Глава IX

Онлайн чтение книги Земля The Good Earth
Глава IX

Ван Лун, сидя на пороге своего дома, говорил себе, что теперь непременно нужно что-нибудь сделать. Они не могли оставаться здесь, в этом пустом доме, и умирать с голоду. В его исхудавшем теле, которое он с каждым днем все туже и туже стягивал поясом, была непреклонная решимость жить. Он не хотел, чтобы сейчас, когда он вступал в расцвет жизни, его обокрала бессмысленная судьба. Теперь в нем было столько злобы, что иногда он не мог найти для нее выход. По временам его охватывало бешенство, и он выбегал на свой опустевший ток и грозил бессмысленному небу, которое сияло над ним вечной синевой, ясное, холодное и безоблачное.

– До чего же ты зол, отец небесный! – кричал он дерзко.

И если на мгновение его охватывал страх, то в следующее мгновение он говорил себе угрюмо: «А что может со мной случиться хуже того, что уже случилось?»

Однажды, ослабев от голода и едва волоча ноги, он подошел к храму Земли и, не торопясь, плюнул в лицо маленькому невозмутимому богу, который восседал там со своей богиней. Перед этой четой не было курительных палочек, не было в течение уже многих лун, их бумажная одежда порвалась, и через дыры видно было глиняное тело, но они сидели все так же невозмутимо. И Ван Лун заскрежетал на них зубами, а потом вернулся домой и со стоном повалился на постель. Теперь они почти не вставали. Незачем было вставать, и беспокойный сон заменял им хоть на время еду, которой у них не было. Кукурузные стебли они давно высушили и съели. Они обдирали кору с деревьев, и по всей округе люди ели траву, собирая ее в зимнее время на холмах. Нигде не было ни одного животного. Человек мог идти много дней и не встретить ни быка, ни осла и никакой другой скотины или птицы.

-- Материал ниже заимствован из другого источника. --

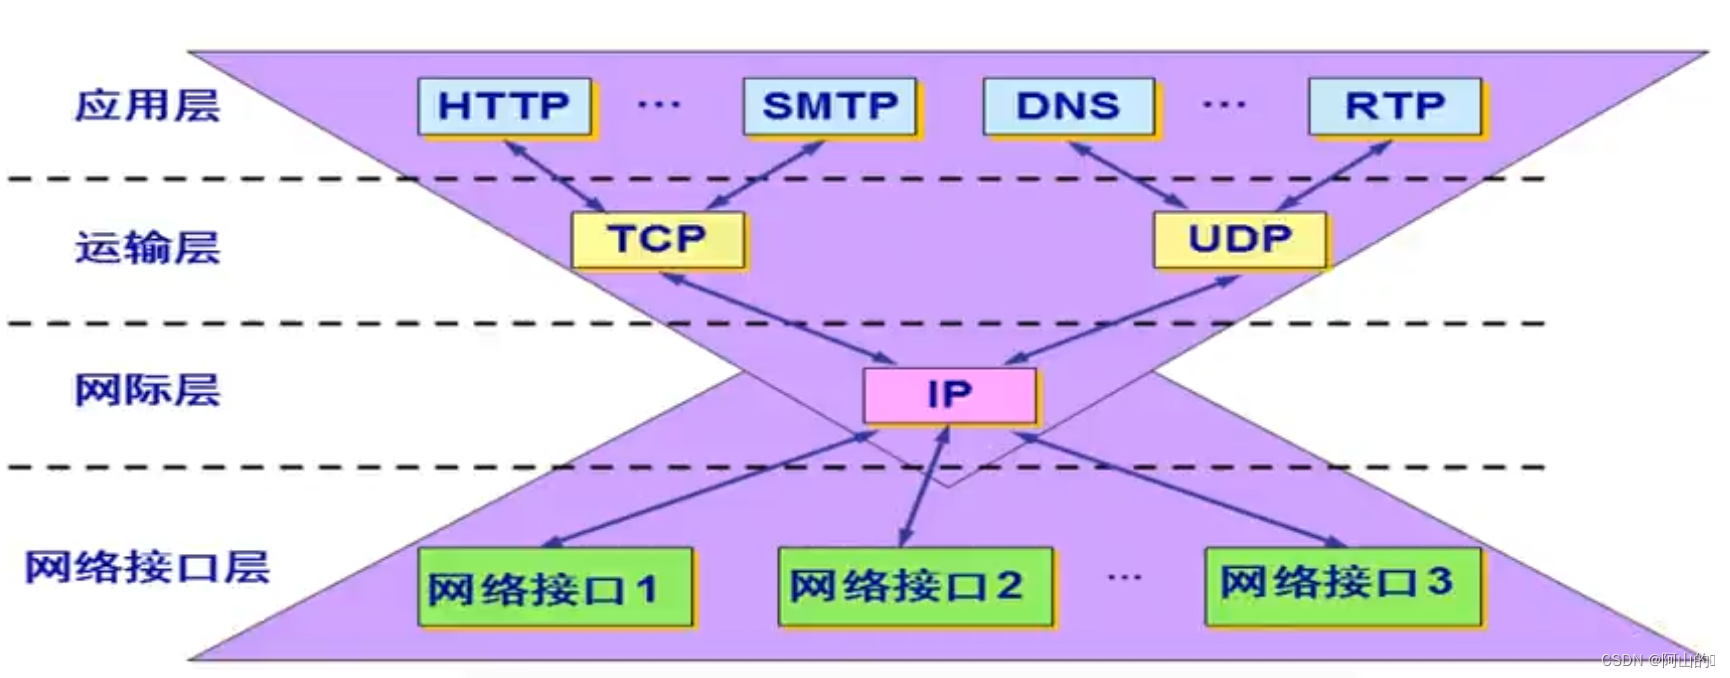 沙漏计时器形状的TCP/IP 协议族

Животы у детей раздулись от голода, и никто в эти дни не видел ни одного ребенка, играющего на деревенской улице. Самое большее, если два мальчика в доме Ван Луна подползали к дверям и сидели на солнце, жестоком солнце, неустанно изливавшем на них свое бесконечное сияние. Прежде округленные тела детей стали угловатыми и костлявыми. Кости были мелкие и острые, как у птиц, и только животы оставались большими и тяжелыми. Девочка не могла даже садиться без чужой помощи, хотя ей давно пора было ходить, и лежала целыми часами безропотно, закутанная в старое одеяло. Сначала ее сердитый и настойчивый крик раздавался по всему дому, но теперь она затихла, слабо сосала все, что ей клали в рот, и больше не было слышно ее голоса. На осунувшемся личике впалые черные глаза смотрели неподвижным взглядом на всех домашних; синие губы втянулись, как у беззубой старухи. Такое упорство маленькой жизни почему-то привязывало к ней Ван Луна, хотя, будь она полная и веселая, как другие в ее возрасте, он обращался бы с ней небрежно: ведь это была только девочка. Иногда, смотря на нее, он тихо шептал:

– Бедная дурочка, бедная маленькая дурочка!

Однажды, когда она улыбнулась бледной улыбкой, показывая беззубые десны, он невольно прослезился и, взяв в свою худую, жесткую руку ее маленькие пальчики, почувствовал, как они слабо уцепились за его указательный палец. После этого он иногда брал ее голенькую, сажал ее за пазуху и сидел с ней на пороге дома, согревая ее скудным теплом своего тела и глядя вдаль на иссохшие, плоские поля.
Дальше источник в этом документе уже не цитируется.